С того несчастного вечера, когда Евгения Михайловна так сурово отчитала его и внезапно закончила угрозой, она стала ему еще дороже и милей. Как ни горько прозвучали ее упреки, Ардалион Петрович и в них нашел утешение. Ему начинало казаться, что жизнь его стала бы намного легче, если бы чаще звучало ее осуждение, пусть строгий, но справедливый суд. Как после исповеди, в тот вечер и на следующий день душа его как бы просветлела. В надежде, что упреки и сочувствие жены примирят его с ней, он все чаще раскрывал ей свои заветные чувства, признавался в том, о чем до сих пор не посмел бы обмолвиться.
— Хороша пора молодости, — вдруг мечтательно скажет он, — живешь так, как бог тебя надоумил. Никому ты не нужен, и тебе нет дела до других. И любишь и дружишь с кем душеньке твоей угодно. Никто не подскажет: вон тому поклонись, а на этого плюнь или смажь его по физиономии.
Одержимый жаждой сочувствия и сострадания, он щедро изливал ей свою печаль. Евгения Михайловна с видимым безразличием слушала его. Прежде чем ответить, она призадумается и долго будет разглядывать свой свежий маникюр, как бы любуясь своим отражением на блестящей поверхности ногтей.

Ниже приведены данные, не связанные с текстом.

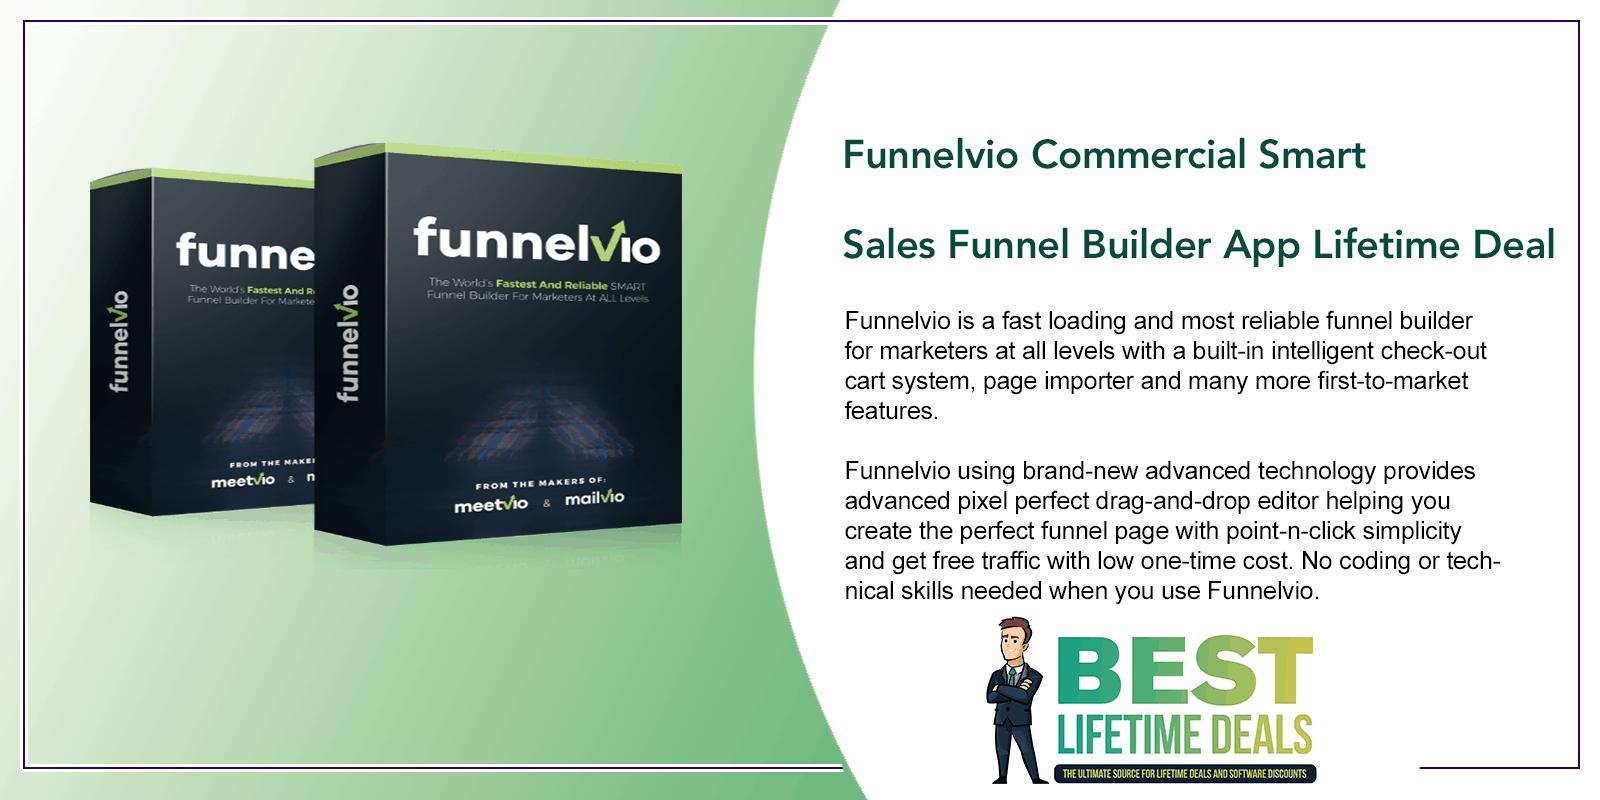 Funnelvio Commercial Smart Sales Funnel Builder App Featured Image
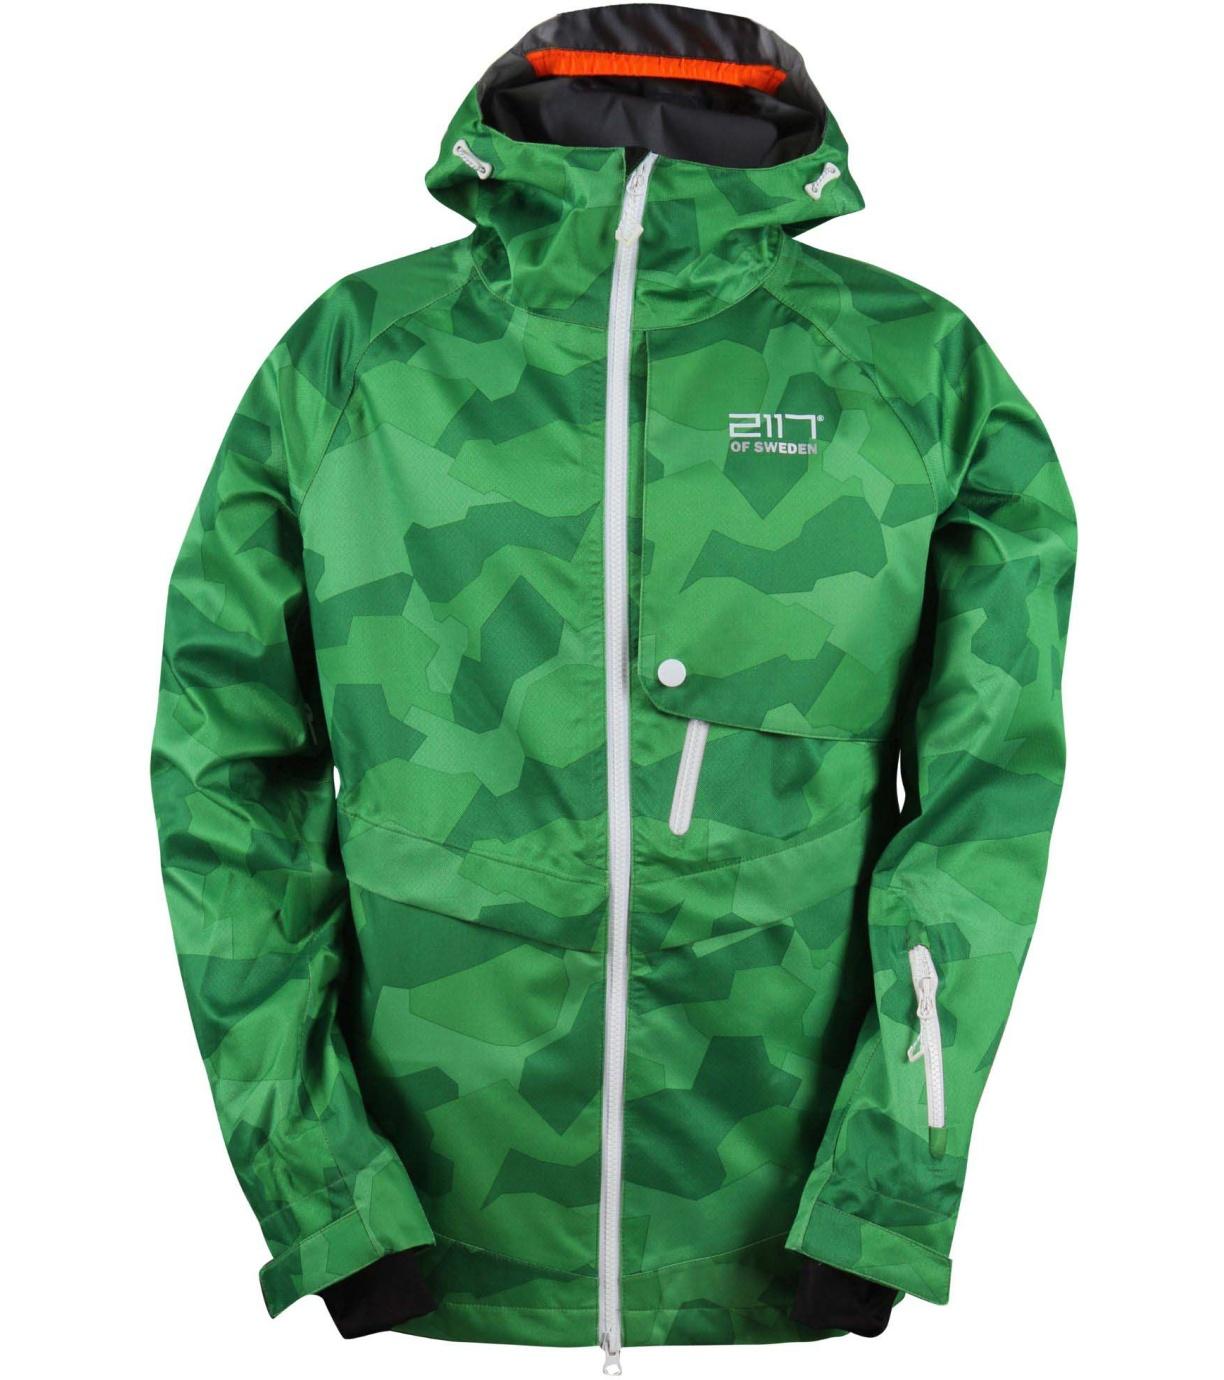 060 - Green

— Хотела бы я видеть, — со скучающим видом заметит она, — кто заставит меня любить или ненавидеть по заказу. Разве это зависит от других? Или я чего–то не поняла?
— Именно от других, — горестно жалуется он. — Всякий раз, когда мне хочется поддержать молодое дарование, выясняется, что это обидит одного из ученых. Нельзя не считаться с ним, все мы, как выразился весьма почтенный академик, образуем бастион, передовой форт науки… Вот и согрешишь перед собственной совестью: вместо «да» скажешь «нет», посоветуешь молодому человеку не жалеть трудов и поработать еще, время на его стороне.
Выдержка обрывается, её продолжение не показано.